1. **Happy path** — The core behavior with valid inputs
2. **Validation tests** — Required fields, format constraints
3. **Edge cases** — Boundary conditions, empty values, unusual inputs
4. **Error handling** — Invalid inputs, failure scenarios
5. **Integration points** — Interactions with other components

## Test Quality Guidelines

**Each test should:**
- Cover exactly one behavior
- Be isolated — no shared state between tests
- Have a clear, descriptive name
- Fail for only one reason

**Avoid:**
- Testing implementation details instead of behavior
- Writing tests after the code
- Sharing test setup that creates hidden dependencies
- Skipping the refactor phase

## Framework-Specific Implementation

For language-specific test runner commands, see [references/language-configs.md](references/language-configs.md).

For Ruby projects:
- **RSpec:** Apply `rspec-coder` skill
- **Minitest:** Apply `minitest-coder` skill

A Rails example is available in [references/rails-tdd-workflow.md](references/rails-tdd-workflow.md).

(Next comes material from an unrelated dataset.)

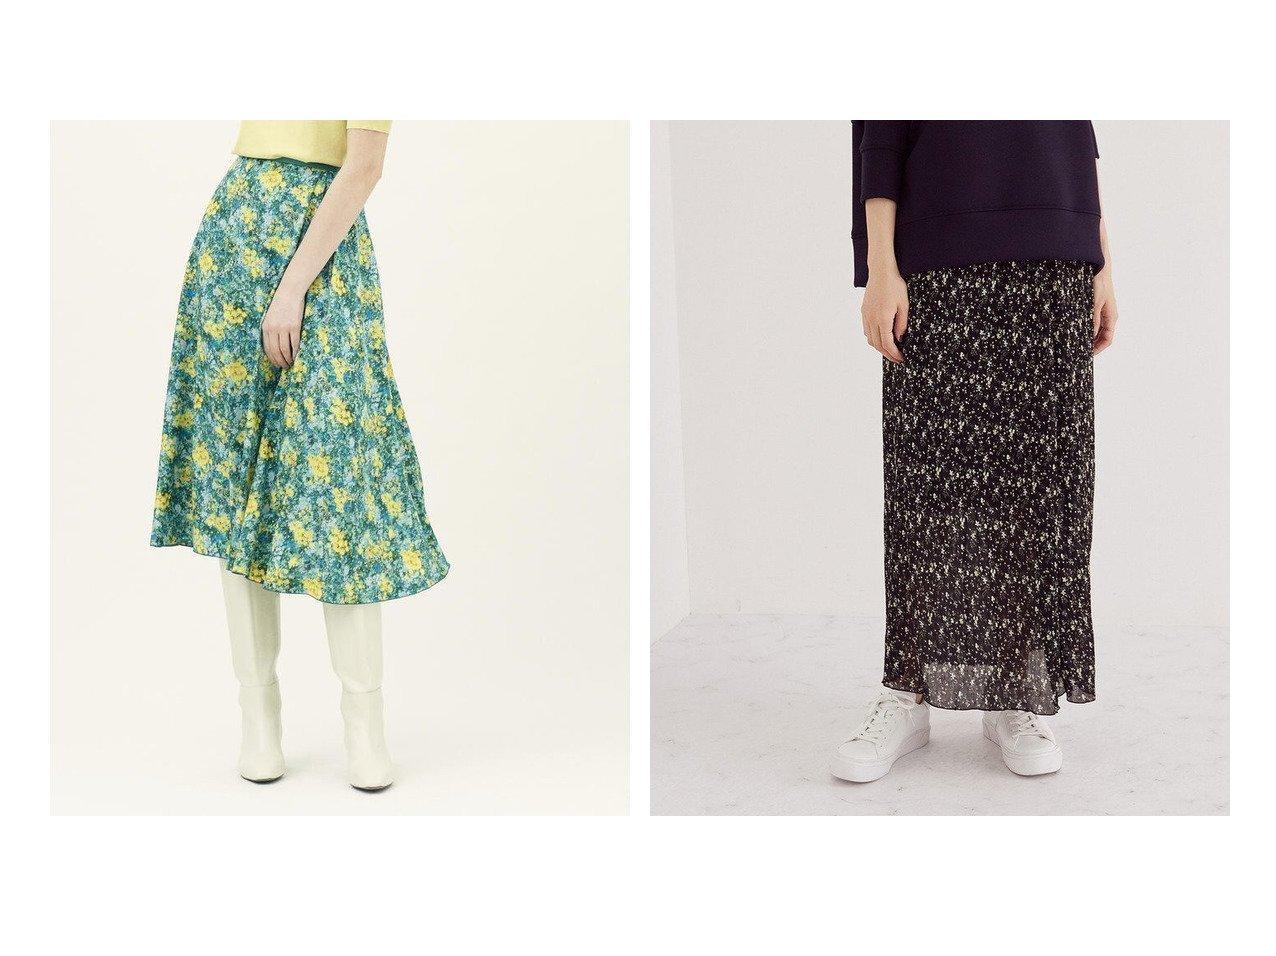 【ROPE/ロペ】のフラワープリントワッシャープリーツストレートスカート&【TOMORROWLAND BALLSEY/トゥモローランド ボールジー】のウィンドフラワープリント アシンメトリータックフレアスカート スカートのおすすめ!人気、トレンド・レディースファッションの通販  おすすめで人気の流行・トレンド、ファッションの通販商品 メンズファッション・キッズファッション・インテリア・家具・レディースファッション・服の通販 founy(ファニー) https://founy.com/ ファッション Fashion レディースファッション WOMEN スカート Skirt Aライン/フレアスカート Flared A-Line Skirts ギャザー コンパクト シンプル ジョーゼット スニーカー トレンド パーカー プリント プリーツ ポケット ミックス リラックス 2021年 2021 2021 春夏 S/S SS Spring/Summer 2021 S/S 春夏 SS Spring/Summer アシンメトリー クラシカル シルク フレア 再入荷 Restock/Back in Stock/Re Arrival |ID:crp329100000015606
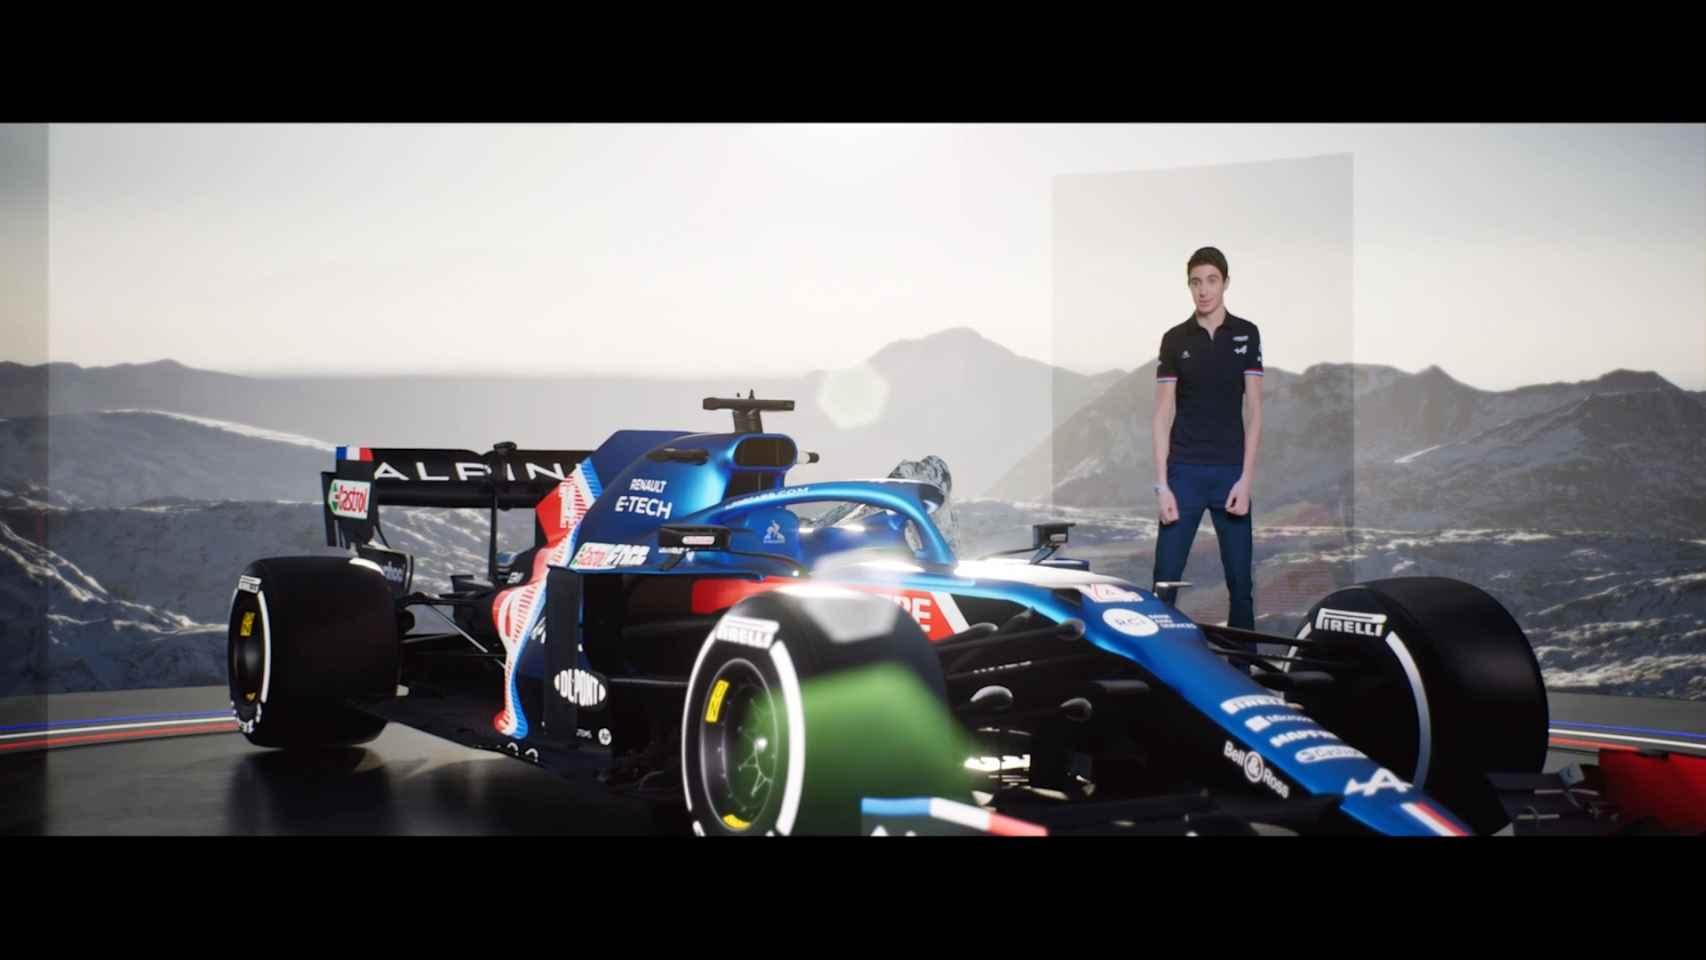 Así será el coche de Fernando Alonso en 2021: Alpine F1 presenta su monoplaza

## Test Generation Patterns

When writing tests outside a TDD loop (e.g., adding coverage to existing code), follow these patterns.

### Framework Detection

| Evidence | Framework |
|----------|-----------|
| `spec/` + `_spec.rb` + `.rspec` | RSpec |
| `test/` + `_test.rb` + `test_helper.rb` | Minitest |
| `*.test.js` + `jest.config.js` | Jest |
| `*.spec.ts` in `tests/` or `e2e/` | Playwright |
| `vitest.config.js` | Vitest |

### Test Plan Structure

Before writing tests, create a plan covering:

1. **Scope** - What functionality will be tested
2. **Happy path scenarios** - Expected successful flows
3. **Sad path scenarios** - Error handling, validations, failures
4. **Edge cases** - Boundary conditions, null/empty values, unusual inputs
5. **Auth checks** - Authorization/authentication (if applicable)
6. **Test data requirements** - Fixtures or data needed
7. **Mocking strategy** - External services/dependencies to mock

### Test Case Matrix

Use for complex scenarios with multiple parameters:

| Objective | Inputs | Expected Output | Test Type |
|-----------|--------|-----------------|-----------|
| Validate creation | valid params | Created, 201 | Happy Path |
| Reject duplicate | existing data | Error, 422 | Sad Path |
| Handle empty | missing field | Validation error | Edge Case |

### Completion Criteria

Tests are complete when ALL of these are met:

**Coverage:** All public methods tested, happy/sad/edge paths covered, auth checks included.

**Quality:** Tests pass (verified by running), isolated (no shared state), follow AAA pattern (Arrange-Act-Assert), descriptive names.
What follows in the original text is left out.